But there is something in Stanley Kubrick's movie that is not present in Stephen King's novel. Or rather it is present in just a few lines of the entire novel, and Kubrick had the great idea of expanding it as a recurring underlying, secondary theme... Fairytale references.
People have already written articles about it, but Stanley Kubrick decided to insist and even add fairytale references across his movie, so that, when you decide to look at the story under a certain angle, you realize there is a "dark fairytale" undertone to it. Of course, the famous behavior of insane-Jack as the Big Bad Wolf from the Three Little Pigs, with explicit references, comes to mind.
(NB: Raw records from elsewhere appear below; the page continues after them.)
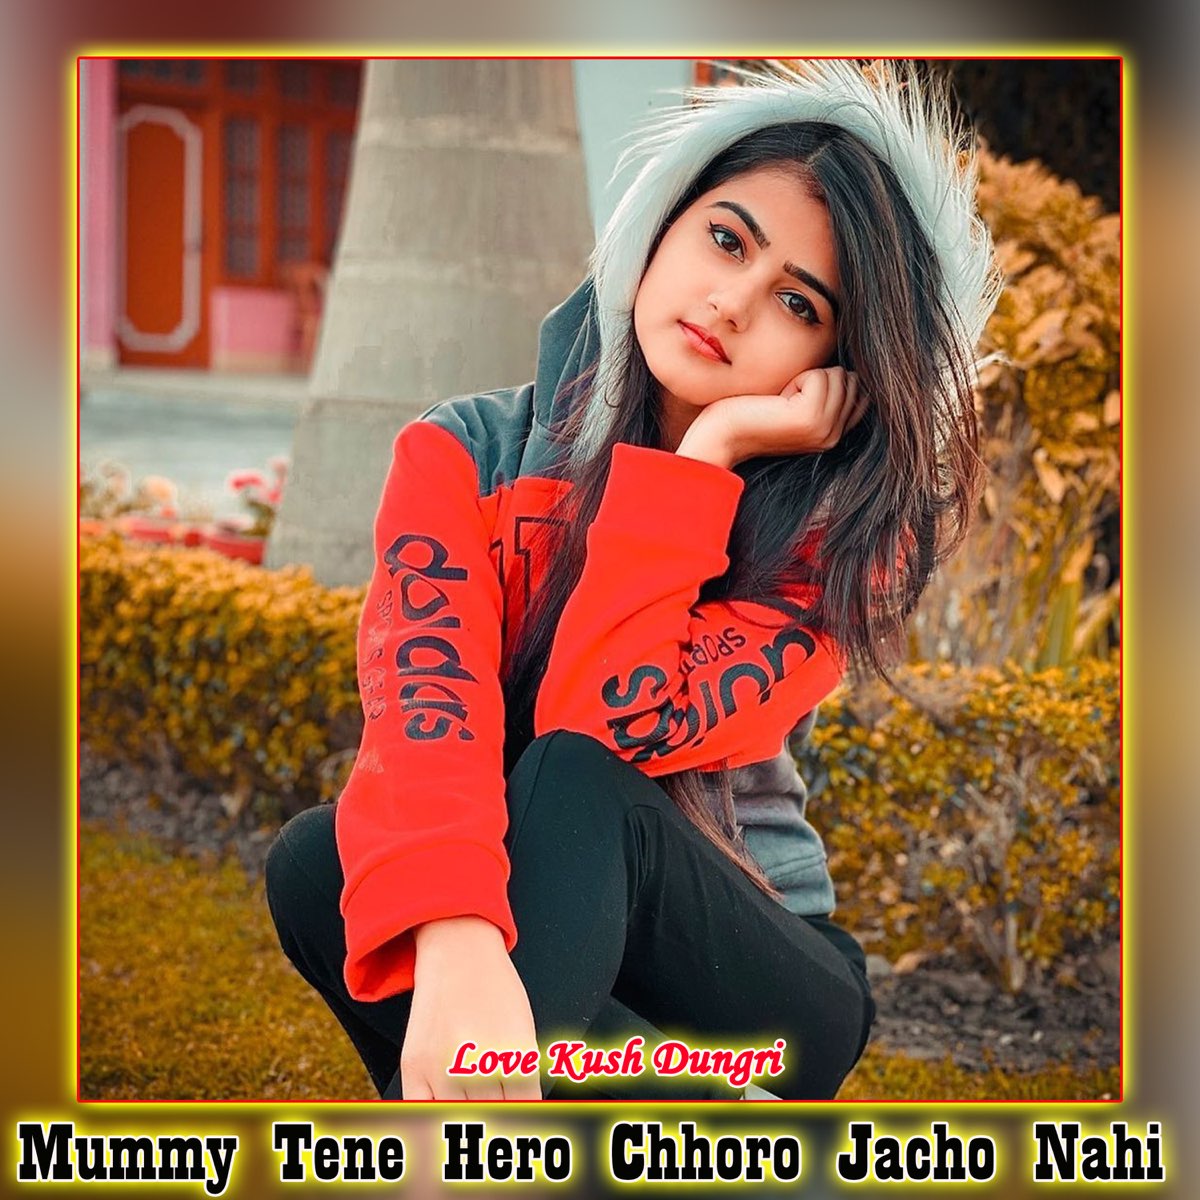 Mummy Tene Hero Chhoro Jacho Nahi - Single by Love Kush Dungri on Apple  Music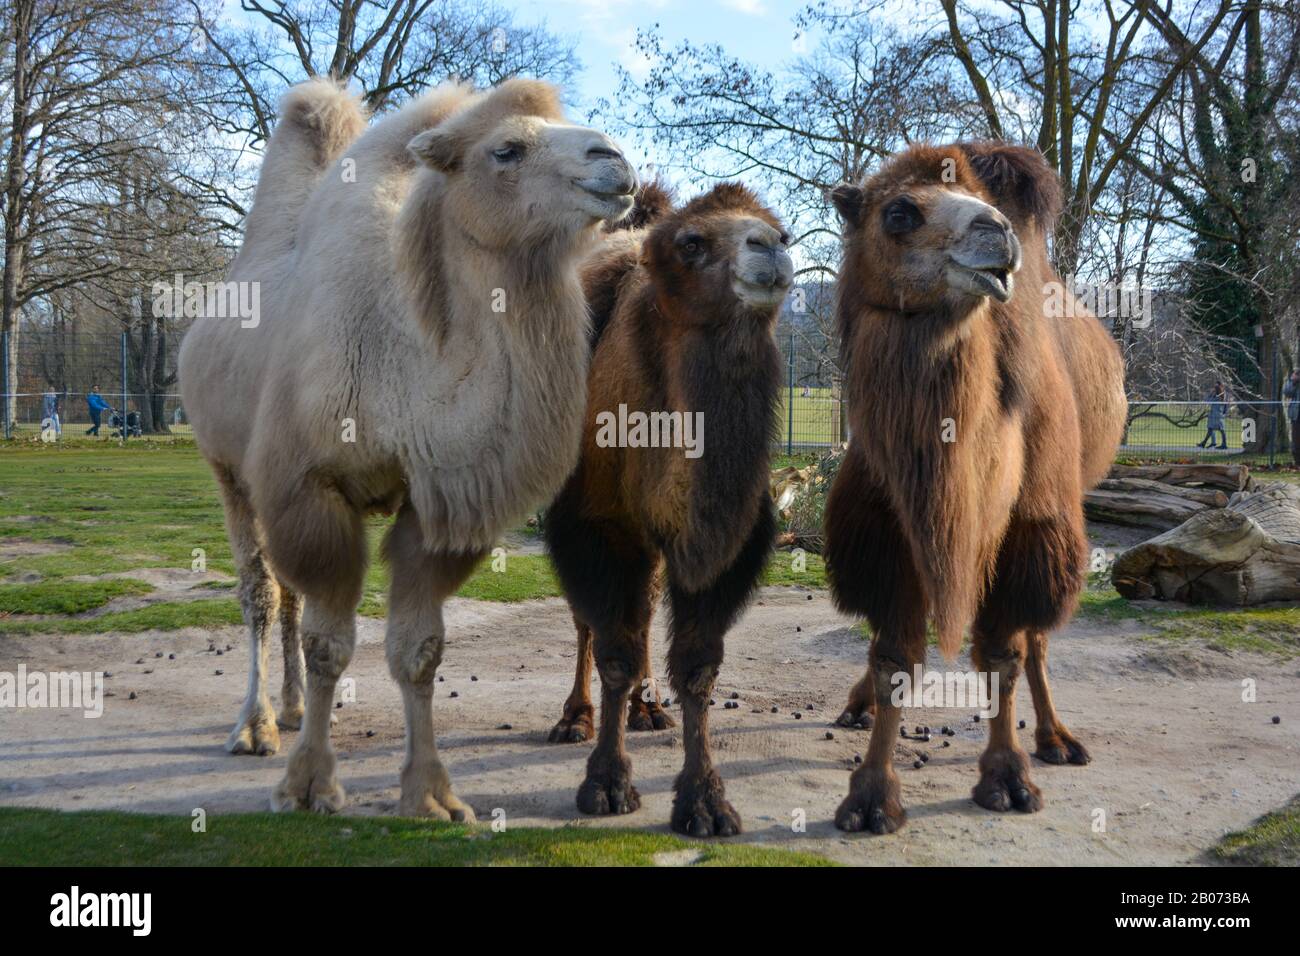 Tre cammelli sono in linea. Cammelli allo zoo, chiamato Wilhelma nel sud della Germania Foto Stock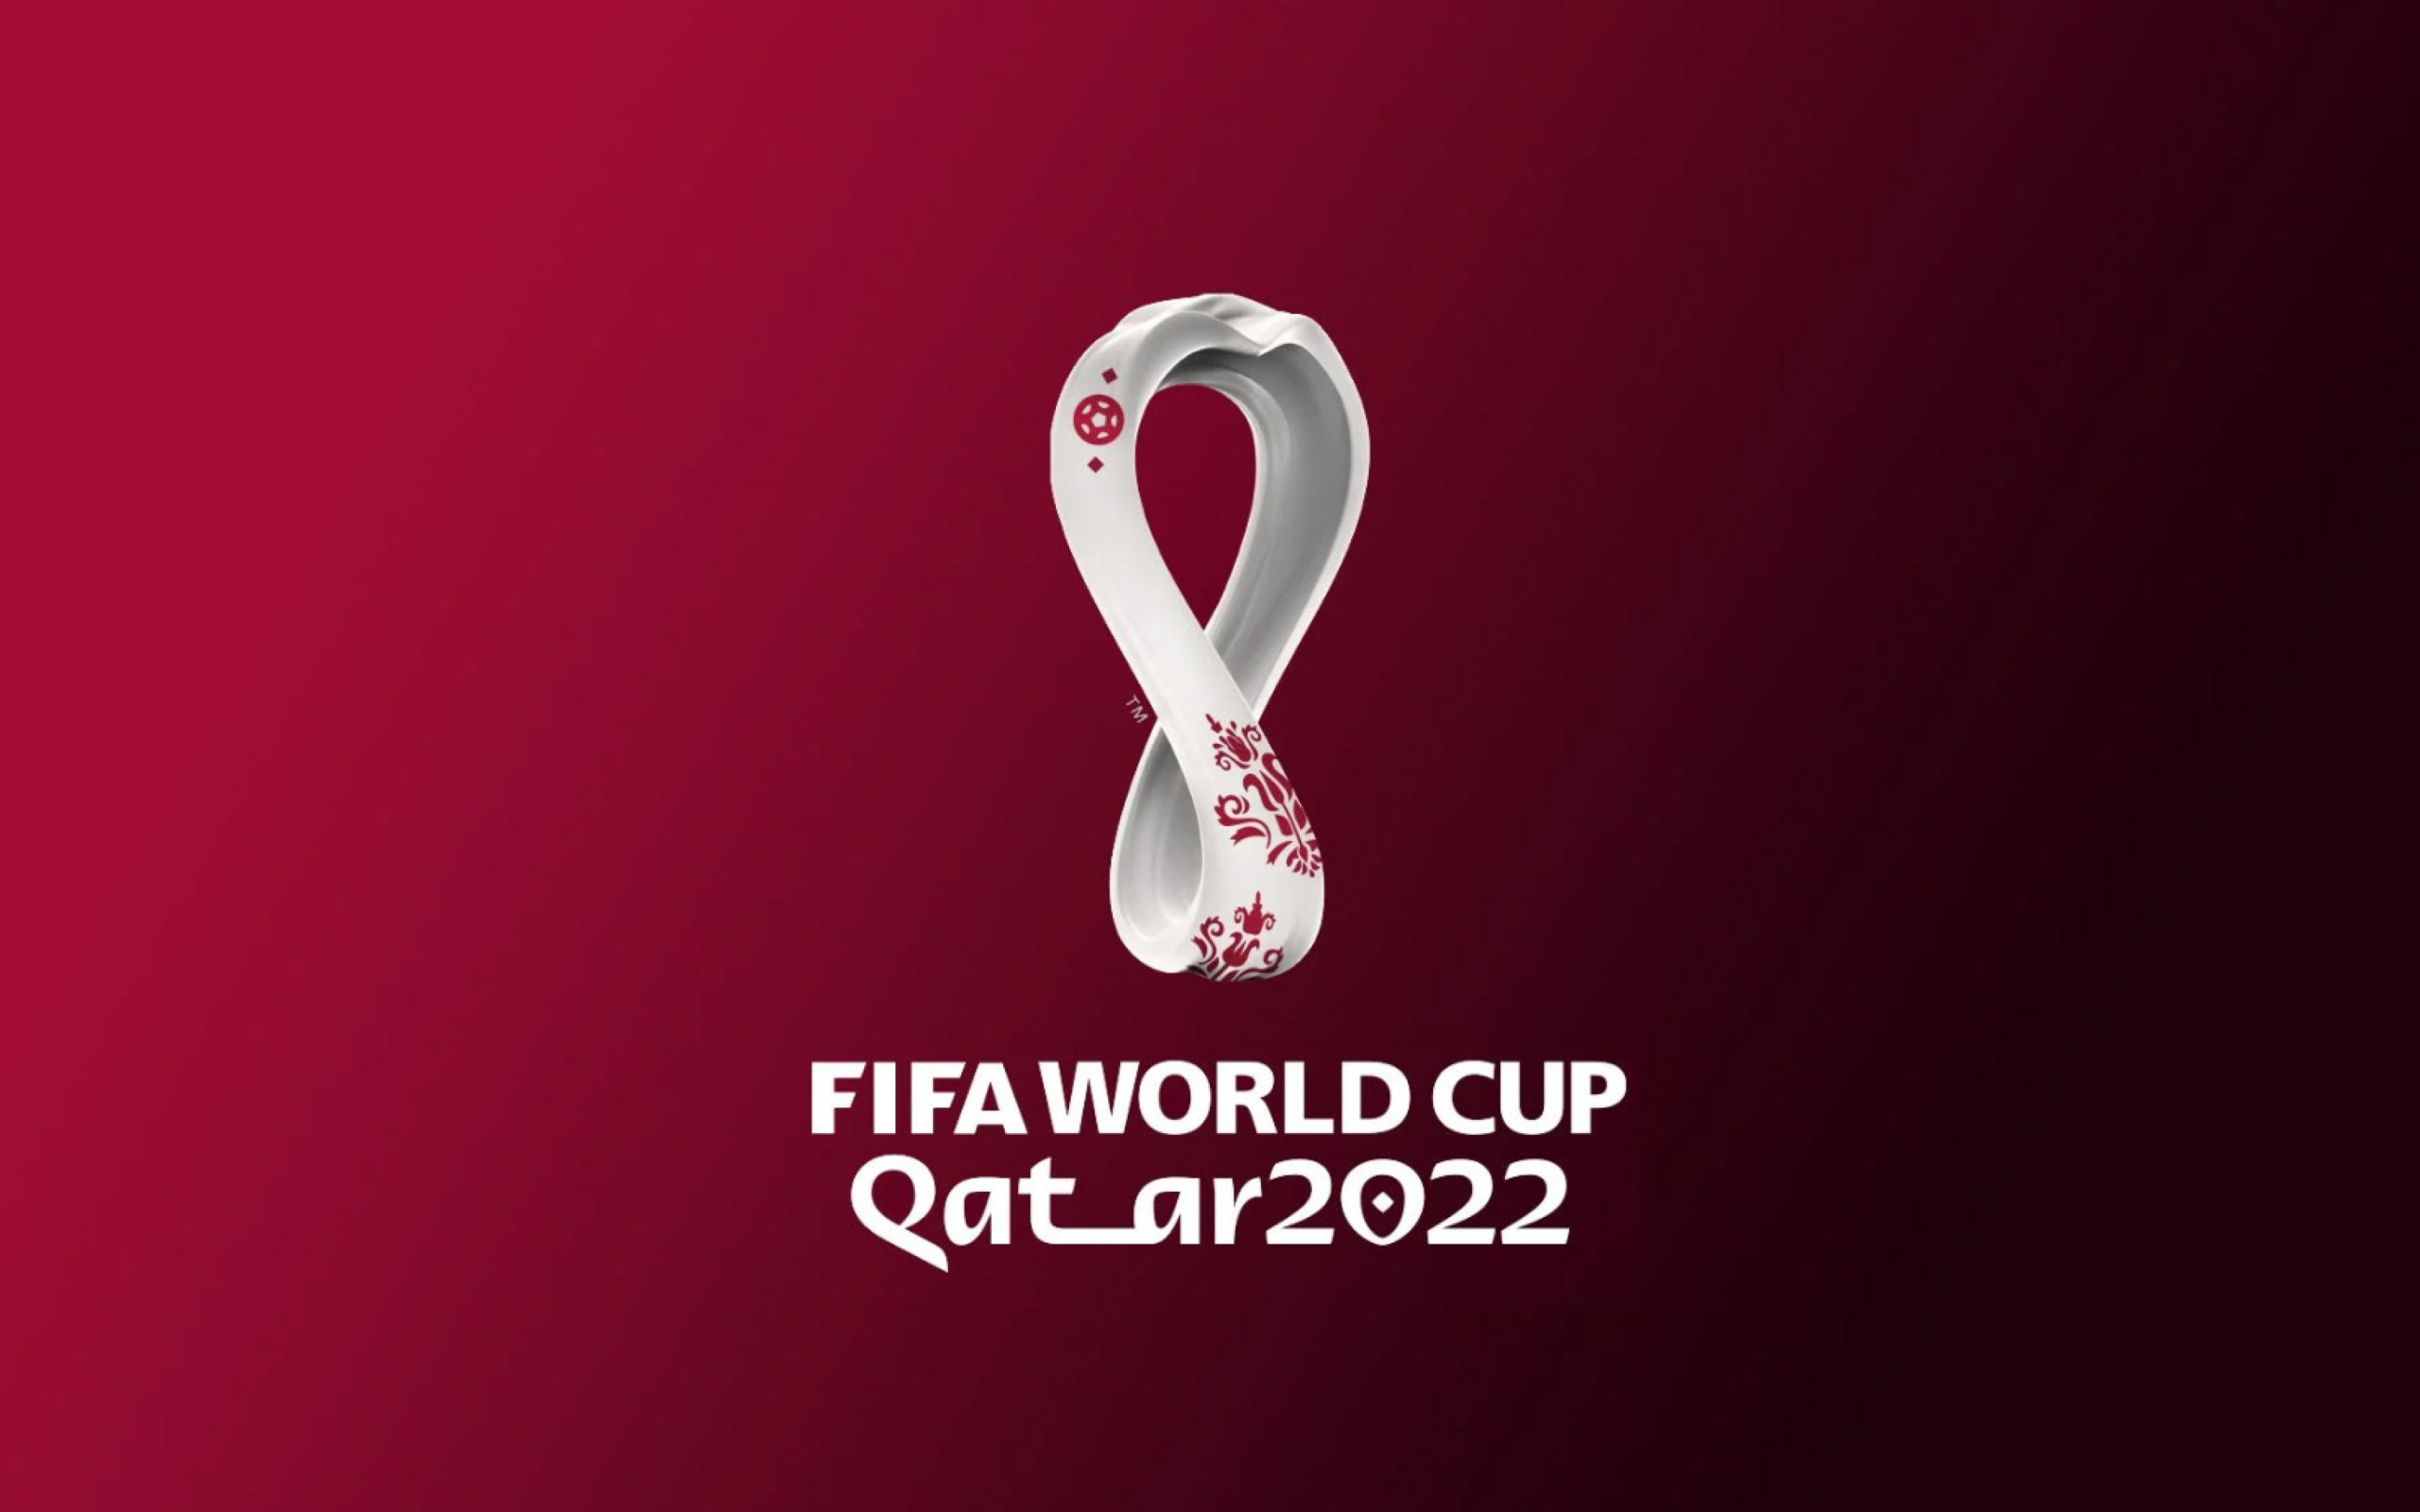 Das World Cup Qatar 2022 Wallpaper 2560x1600

But there's also the fact that The Shining is a familial tragedy about a parent figure becoming a monstrous threat - something very common of fairytales. The supernatural notably acting by having warning messages coming from nowhere and previous victims appear to the future ones recall of how in fairytales involving murderers (like Bluebeard variants, or The Robber Bridegroom, and other variants) there will always be disembodied voices, or ghost of previous victims, or talking trees warning the protagonist. And the line of Wendy evoking "breadcrumbs" to find her way through the kitchen is working with numerous other elements of the story: the labyrinthic Overlook Hotel works as the forest in which children or girls get lost ; there is the same clear rich vs poor plenty vs hunger dichotomy as in Hansel and Gretel, the woman in room 217 has been compared to a fairytale witch, and some even pointed out that the strange decoration of the Overlook rooms can evoke whimsical candy-buildings.
Of course, the movie also offers clear subversions of typical fairytale tropes - a wicked father figure rather than the wicked mother ; or how the benevolent helper called in the role of the typical "Woodsman" actually completely fails...
So, while not intended as a horror-fairytale, Kubrick's The Shining is a great horror movie which happens to have an underlying fairytale angle you can read the movie under.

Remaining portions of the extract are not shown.